Data segment.
========================================================================

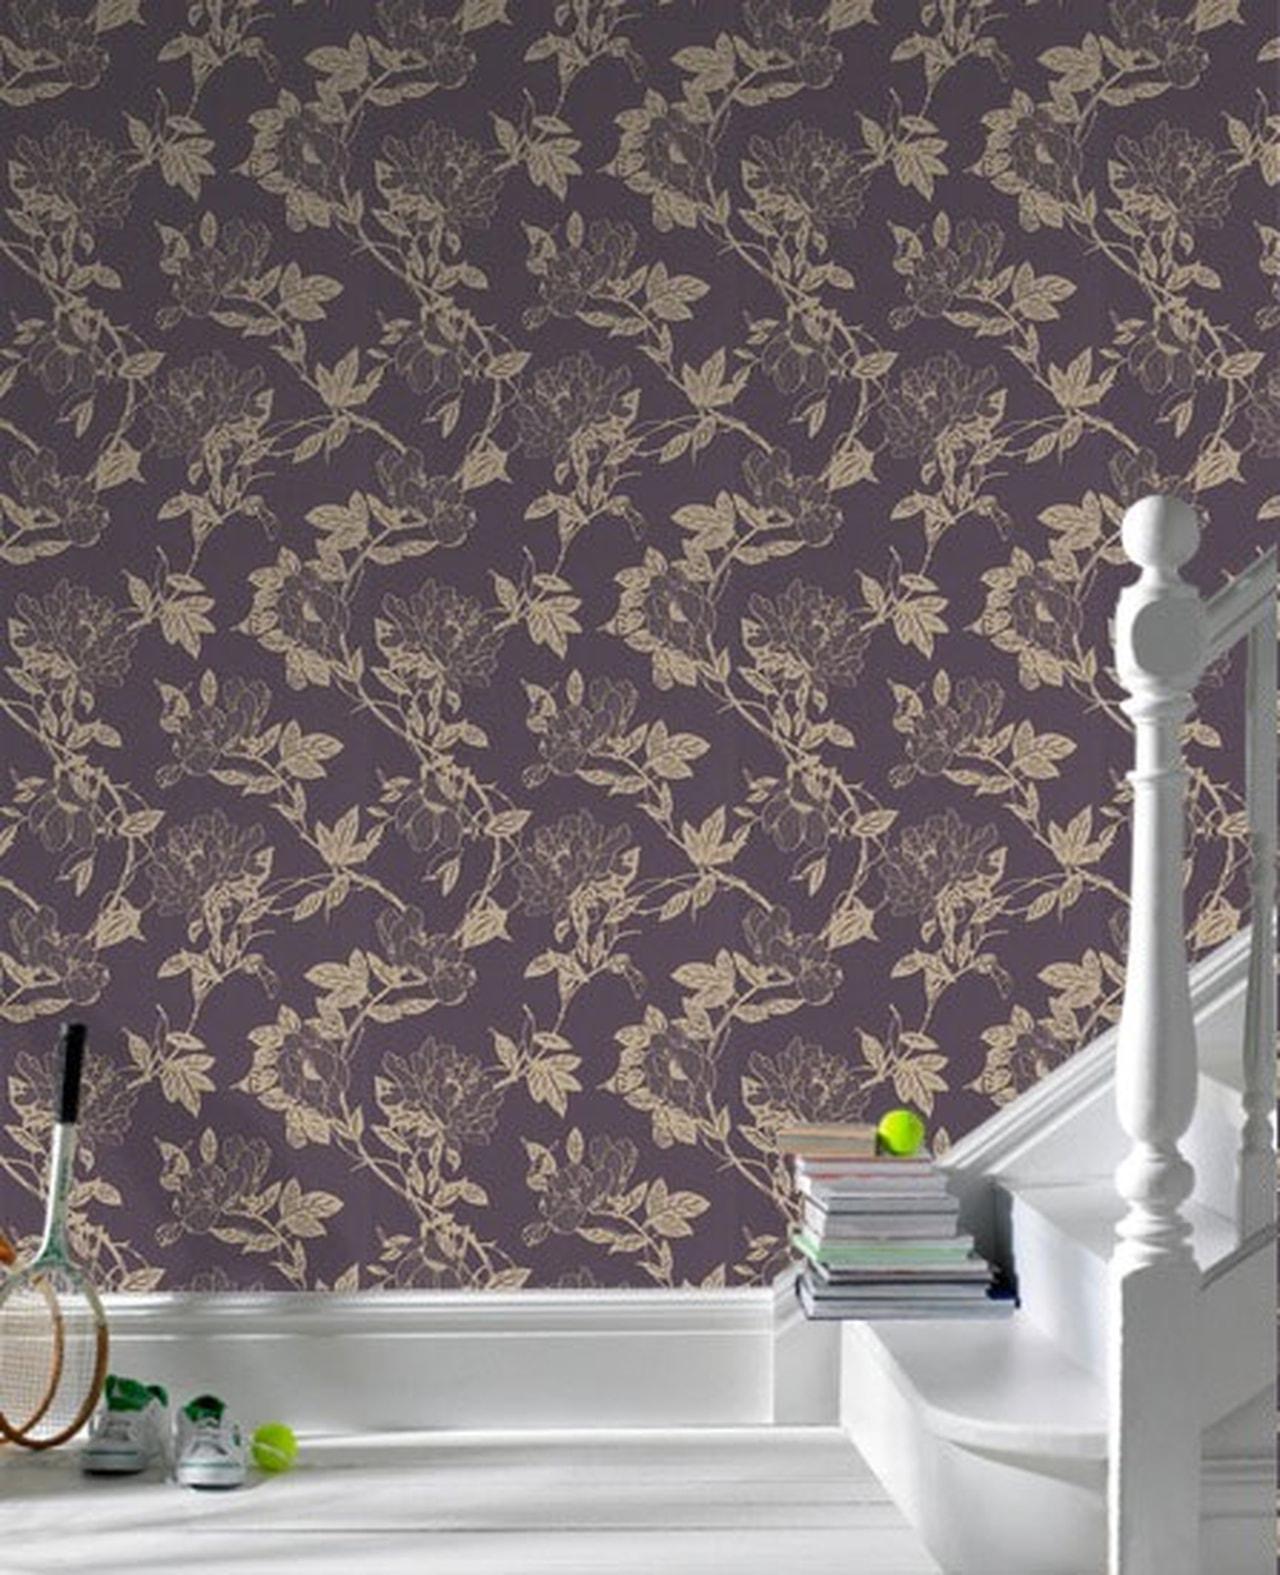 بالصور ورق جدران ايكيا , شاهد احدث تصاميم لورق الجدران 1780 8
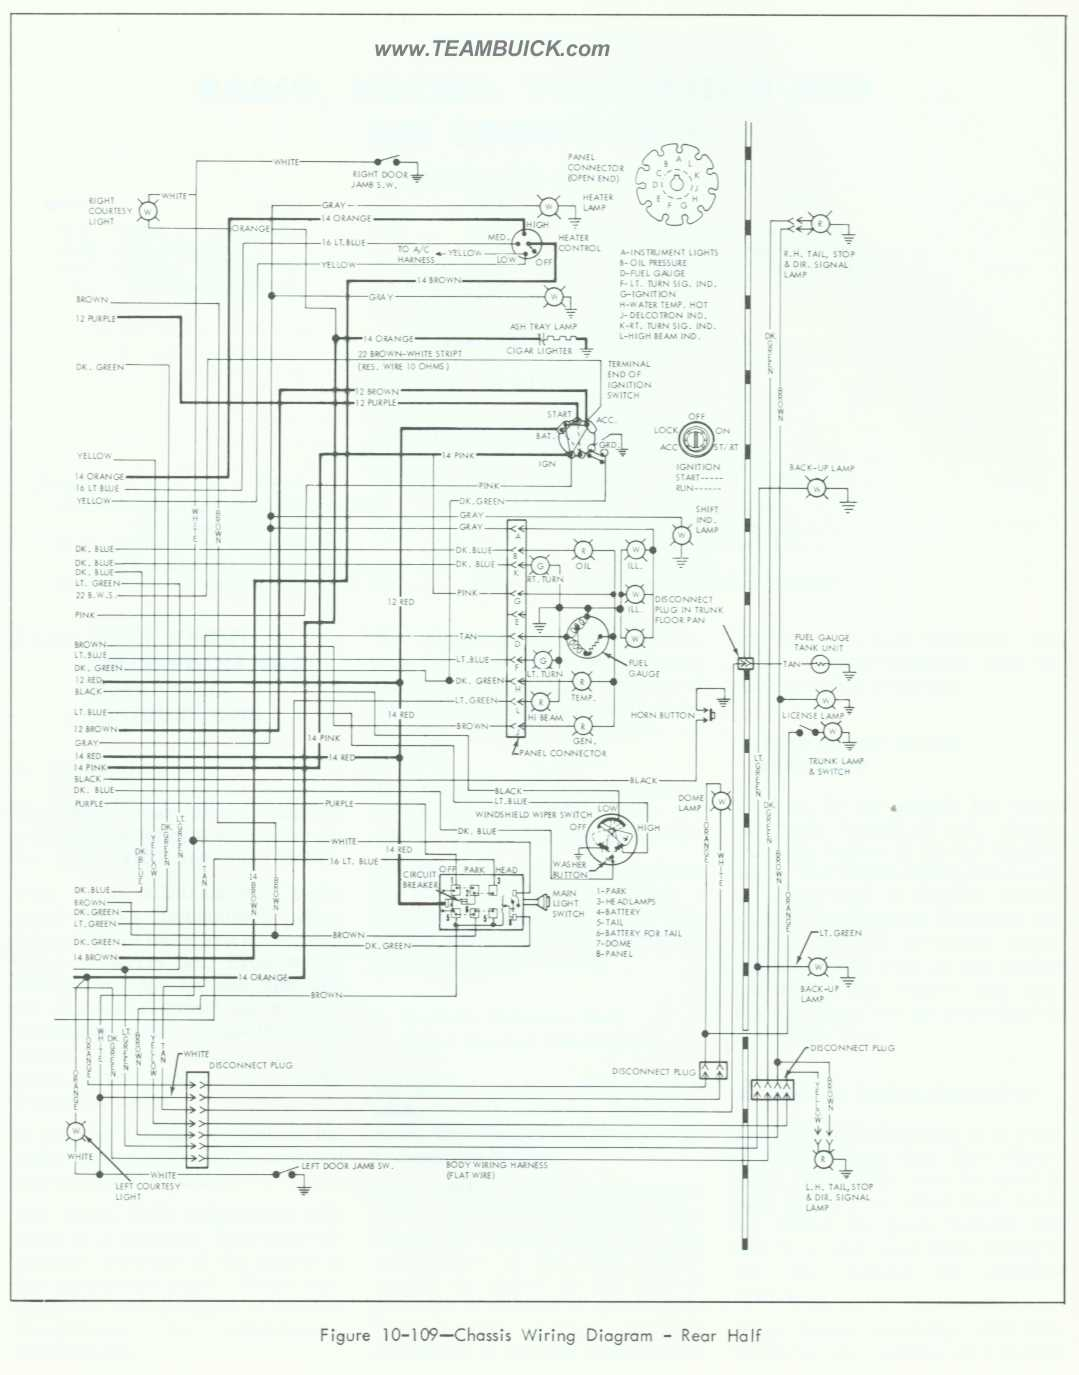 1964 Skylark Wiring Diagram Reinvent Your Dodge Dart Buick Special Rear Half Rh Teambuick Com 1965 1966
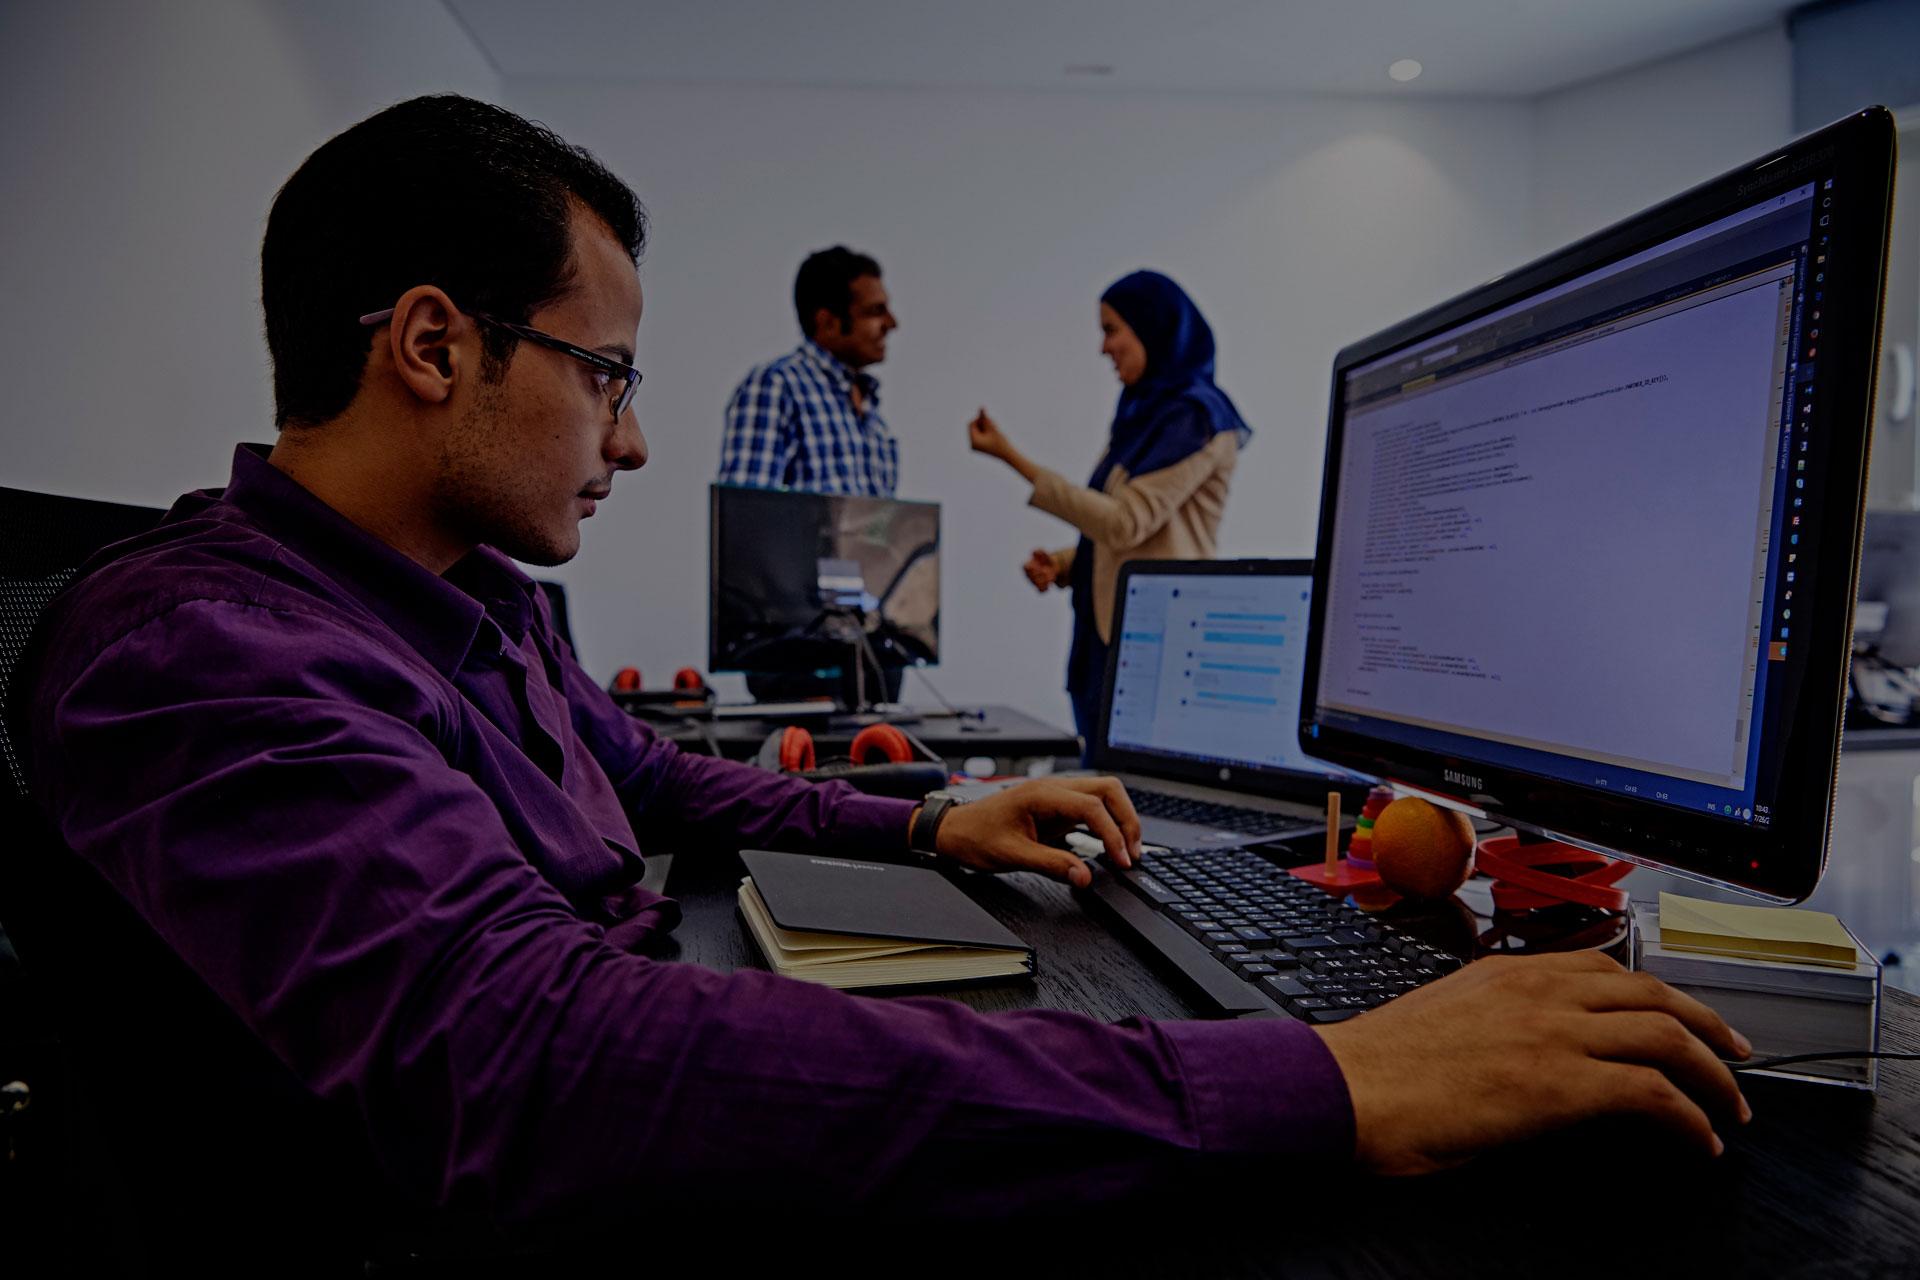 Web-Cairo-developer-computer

========================================================================

Down to the last line, reproduce the material above exactly; skip its images.

 بالصور ورق جدران ايكيا , شاهد احدث تصاميم لورق الجدران 1780 8
 1964 Skylark Wiring Diagram Reinvent Your Dodge Dart Buick Special Rear Half Rh Teambuick Com 1965 1966
 Web-Cairo-developer-computer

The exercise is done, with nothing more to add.